Highlights from the ratings report include:

  • CCLP's very impressive revenue growth greatly exceeded the industry average of 31.2%. Since the same quarter one year prior, revenues leaped by 293.9%. This growth in revenue does not appear to have trickled down to the company's bottom line, displayed by a decline in earnings per share.
  • Net operating cash flow has significantly increased by 317.64% to $19.72 million when compared to the same quarter last year. In addition, CSI COMPRESSCO LP has also vastly surpassed the industry average cash flow growth rate of -18.53%.
  • Despite any intermediate fluctuations, we have only bad news to report on this stock's performance over the last year: it has tumbled by 34.78%, worse than the S&P 500's performance. Consistent with the plunge in the stock price, the company's earnings per share are down 87.09% compared to the year-earlier quarter. Although its share price is down sharply from a year ago, do not assume that it can now be tagged as cheap and attractive. The reality is that, based on its current price in relation to its earnings, CCLP is still more expensive than most of the other companies in its industry.

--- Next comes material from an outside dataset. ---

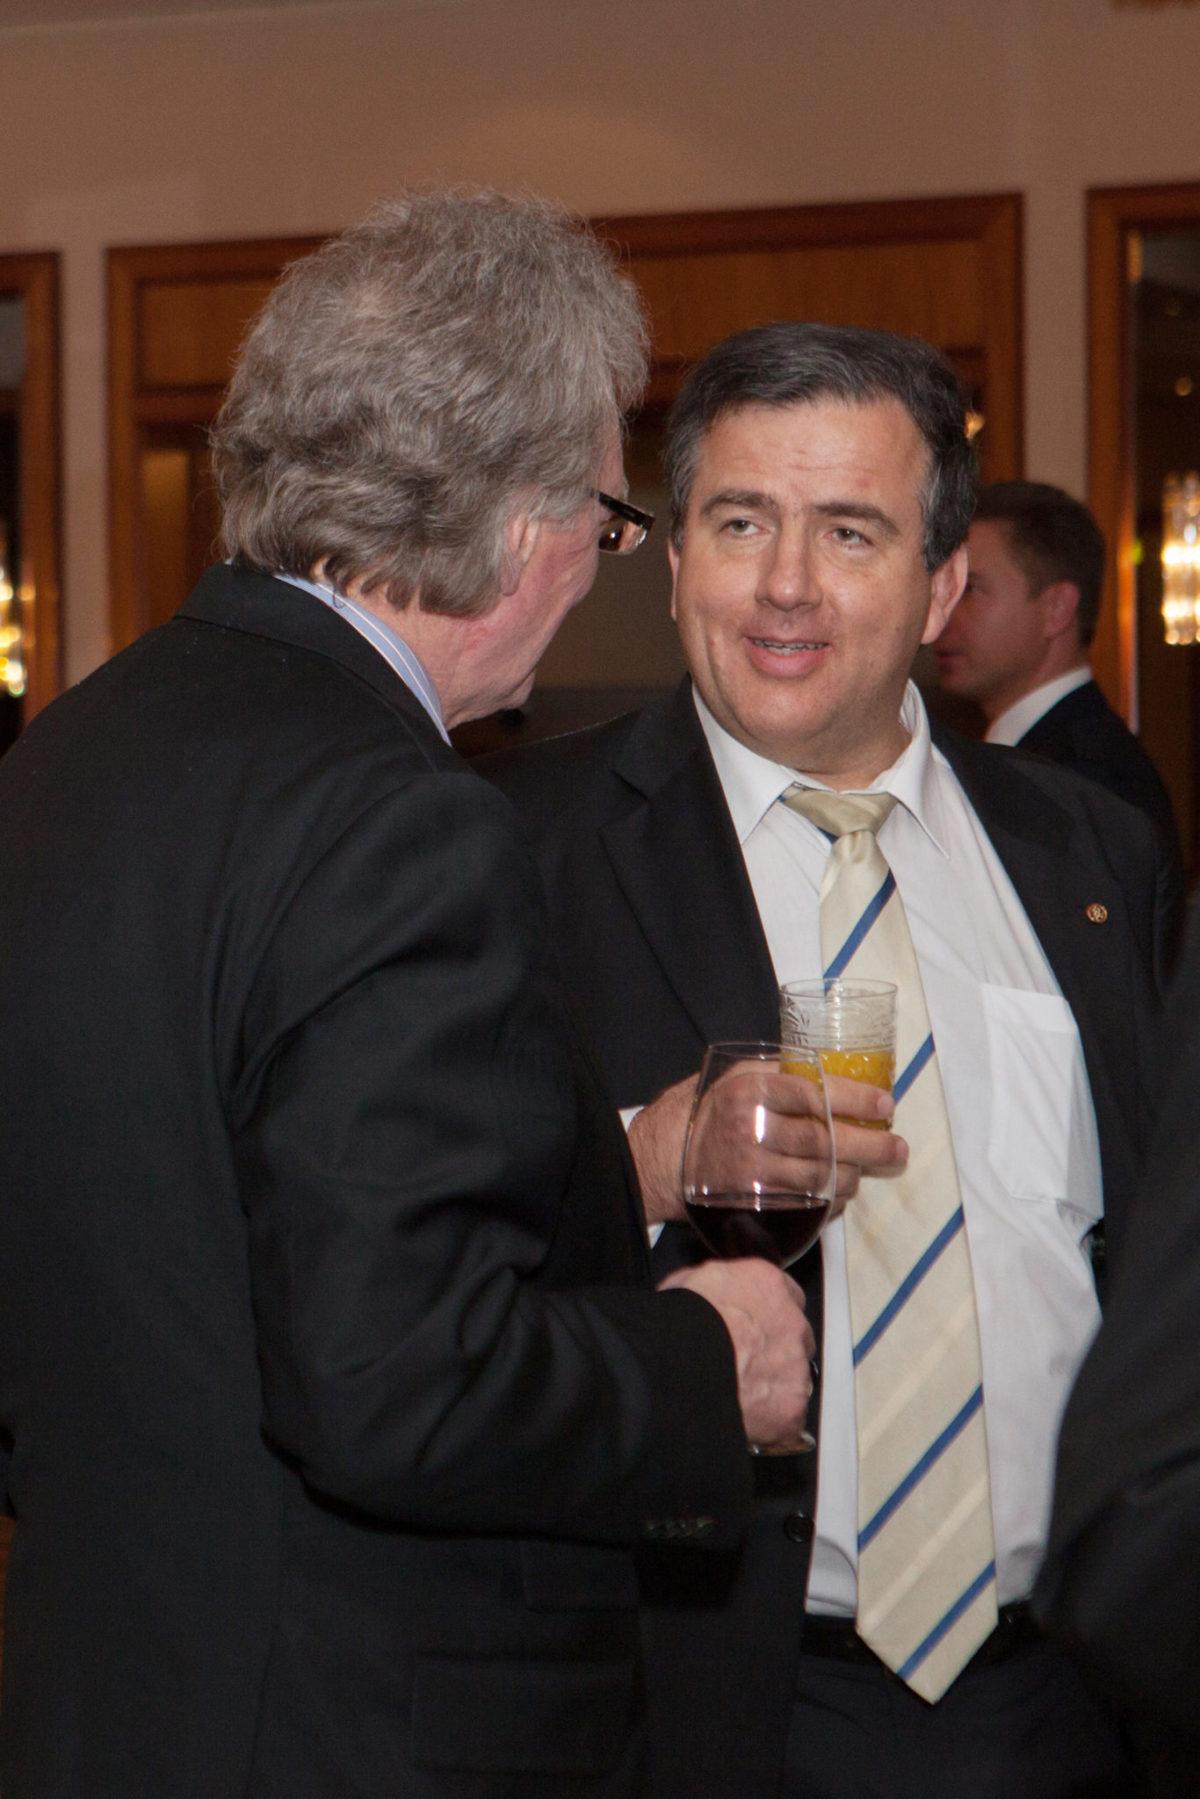 Aktuelle Wirtschaftsereignisse – Zoltán Cséfalvay und Árpád Kovács im Gespräch

  • Return on equity has greatly decreased when compared to its ROE from the same quarter one year prior. This is a signal of major weakness within the corporation. Compared to other companies in the Energy Equipment & Services industry and the overall market on the basis of return on equity, CSI COMPRESSCO LP underperformed against that of the industry average and is significantly less than that of the S&P 500.
  • The gross profit margin for CSI COMPRESSCO LP is currently lower than what is desirable, coming in at 33.04%. It has decreased significantly from the same period last year. Along with this, the net profit margin of 0.91% trails that of the industry average.